**Data excerpt**
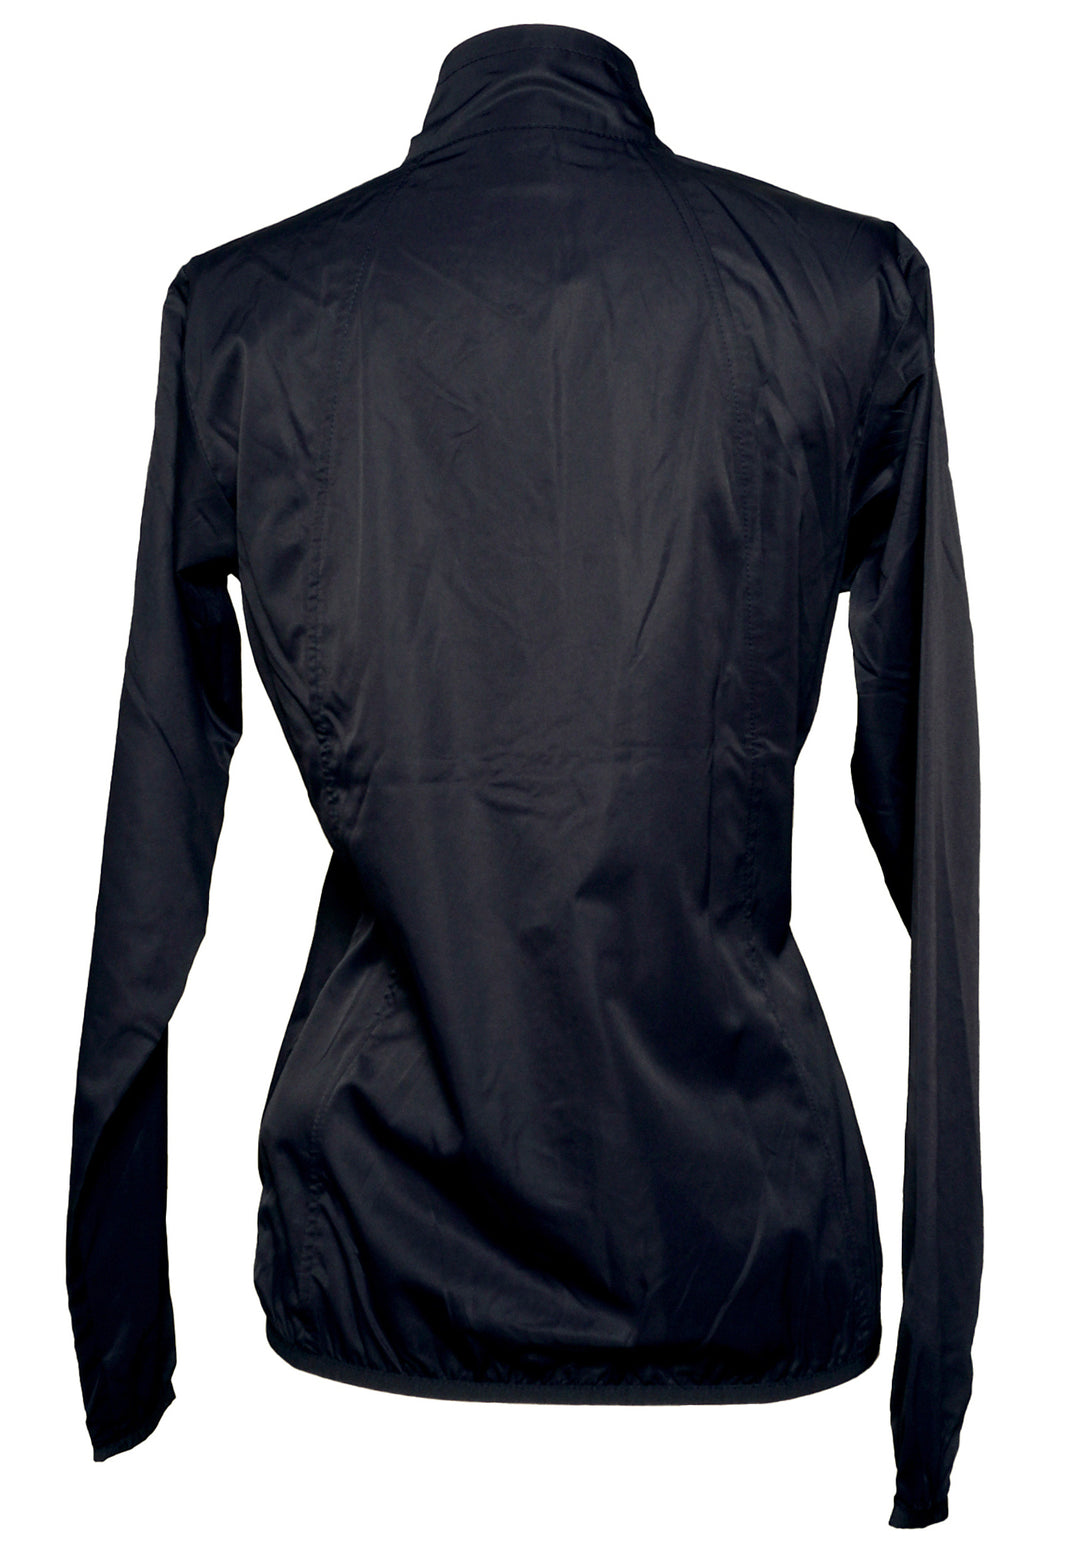 Daily Sports Mia Wind Jacket - Black - Size Small - Skorzie
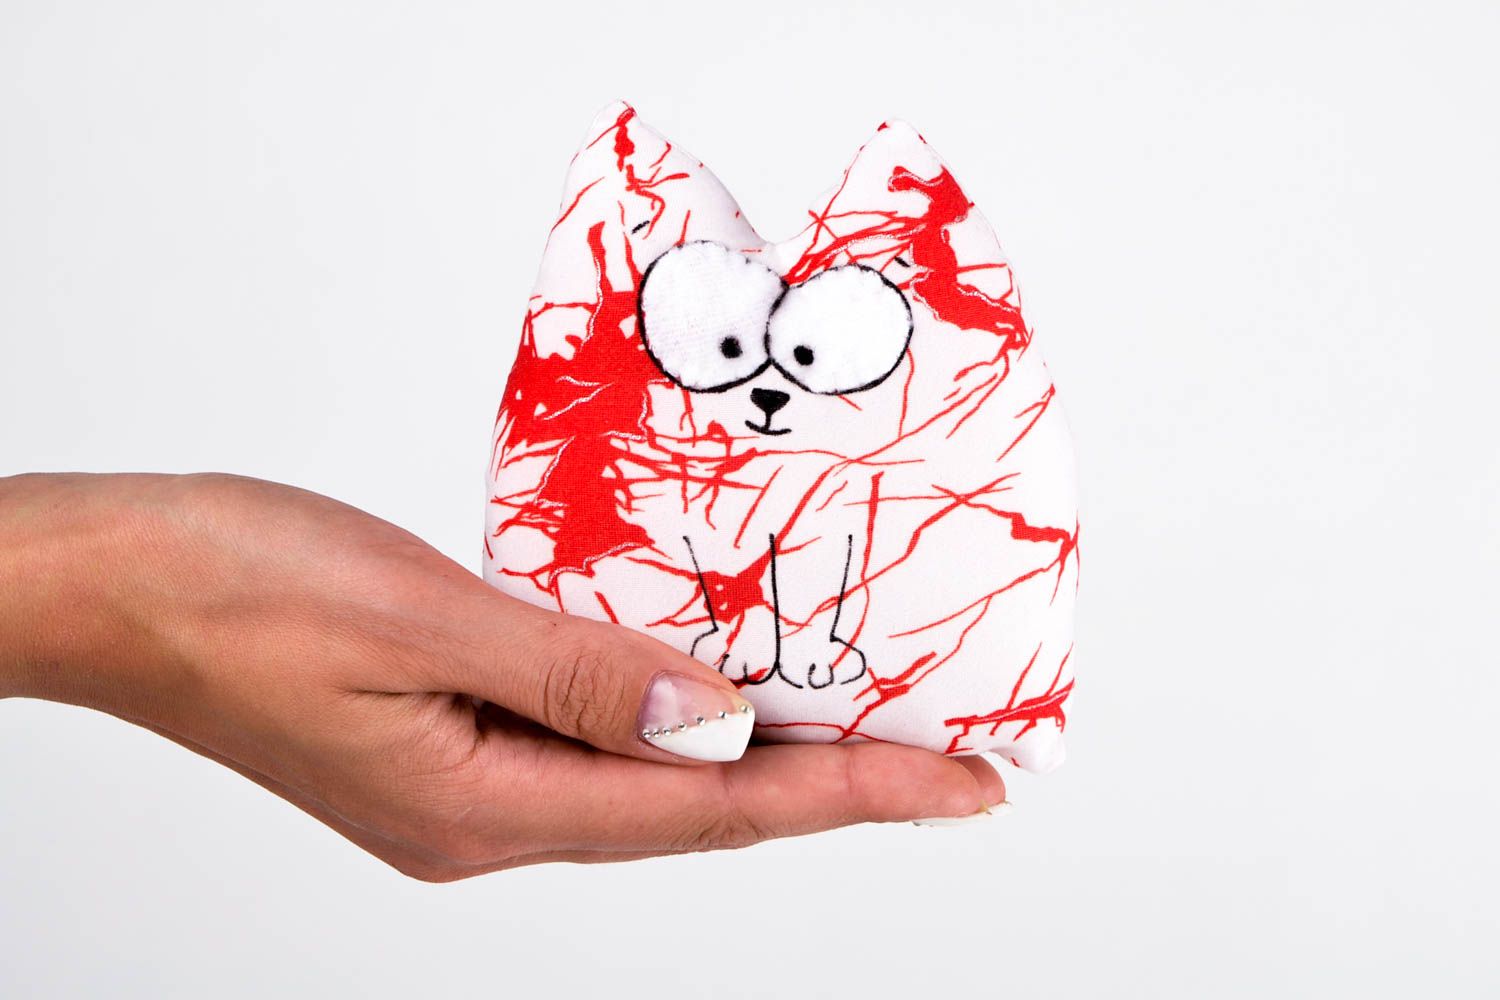 Игрушка из ткани мягкая игрушка ручной работы авторская игрушка для ребенка фото 2
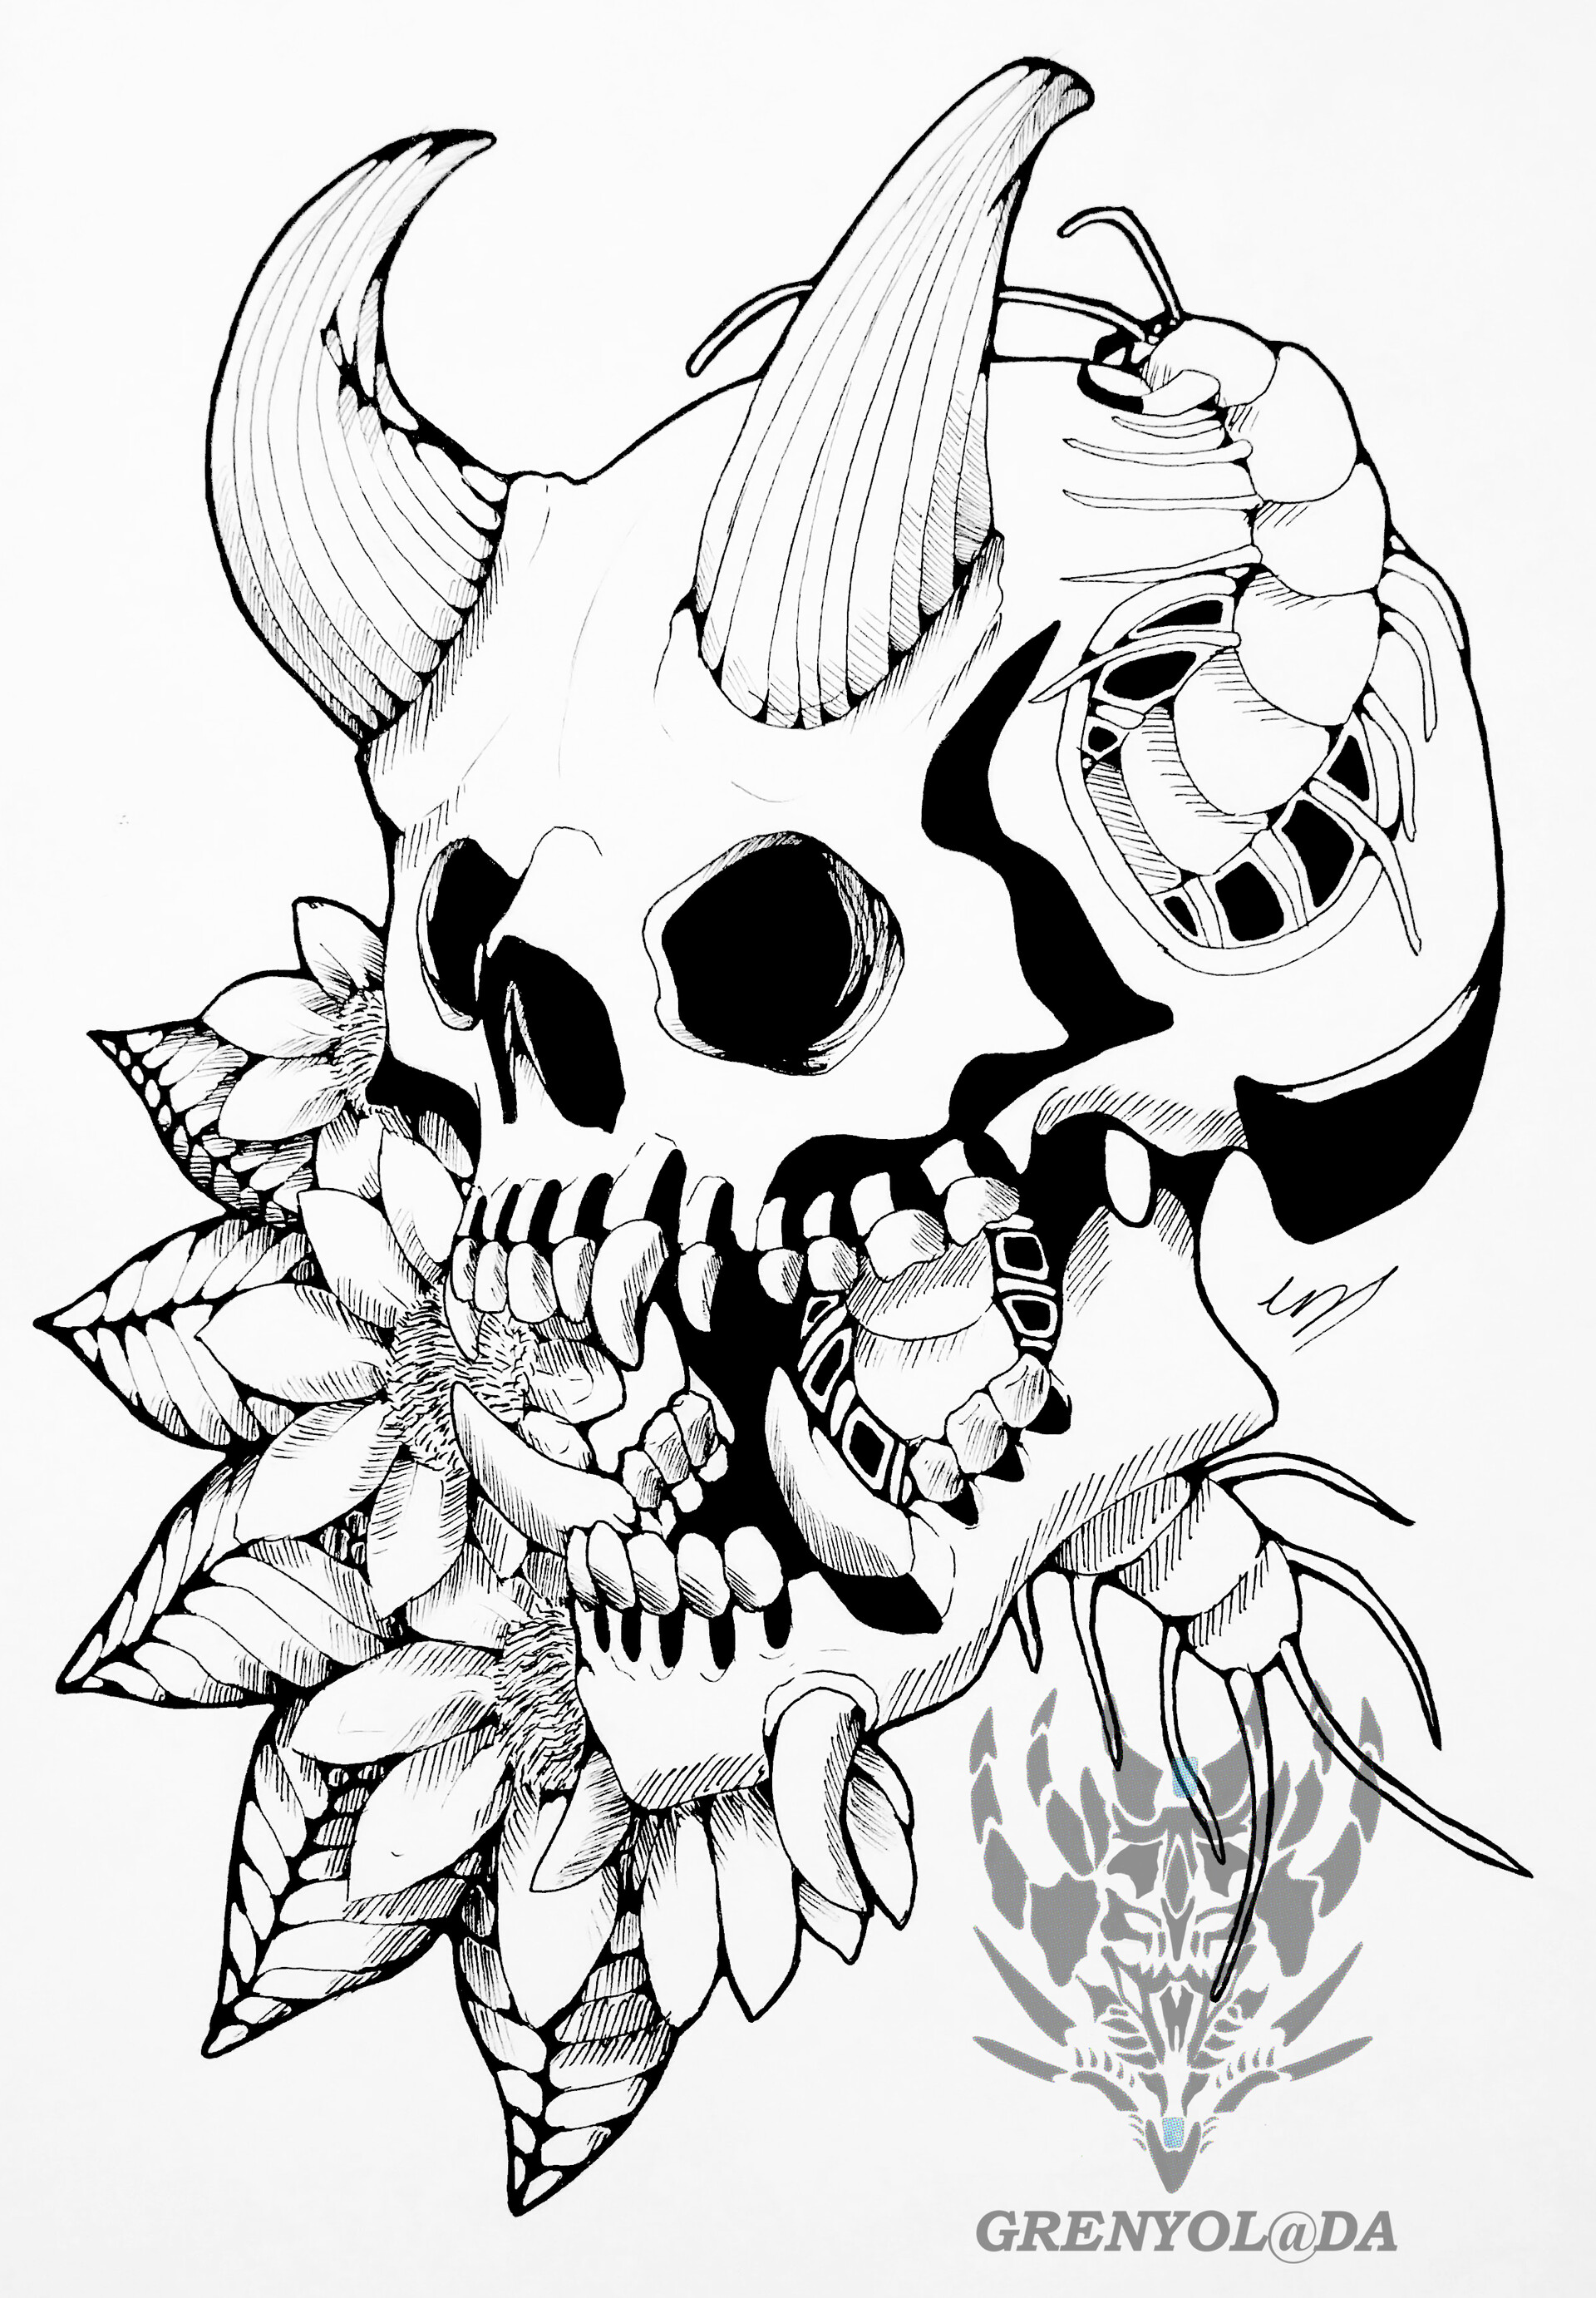 Demon Skull Tattoo Design Vector Illustration Stock Vector Royalty Free  1562177566  Shutterstock

**Try it**
Leave every picture out and write out exactly the lines from the line with "Игрушка из ткани" through the last line of the material.

**Response to this task**
 Игрушка из ткани мягкая игрушка ручной работы авторская игрушка для ребенка фото 2
 Demon Skull Tattoo Design Vector Illustration Stock Vector Royalty Free  1562177566  Shutterstock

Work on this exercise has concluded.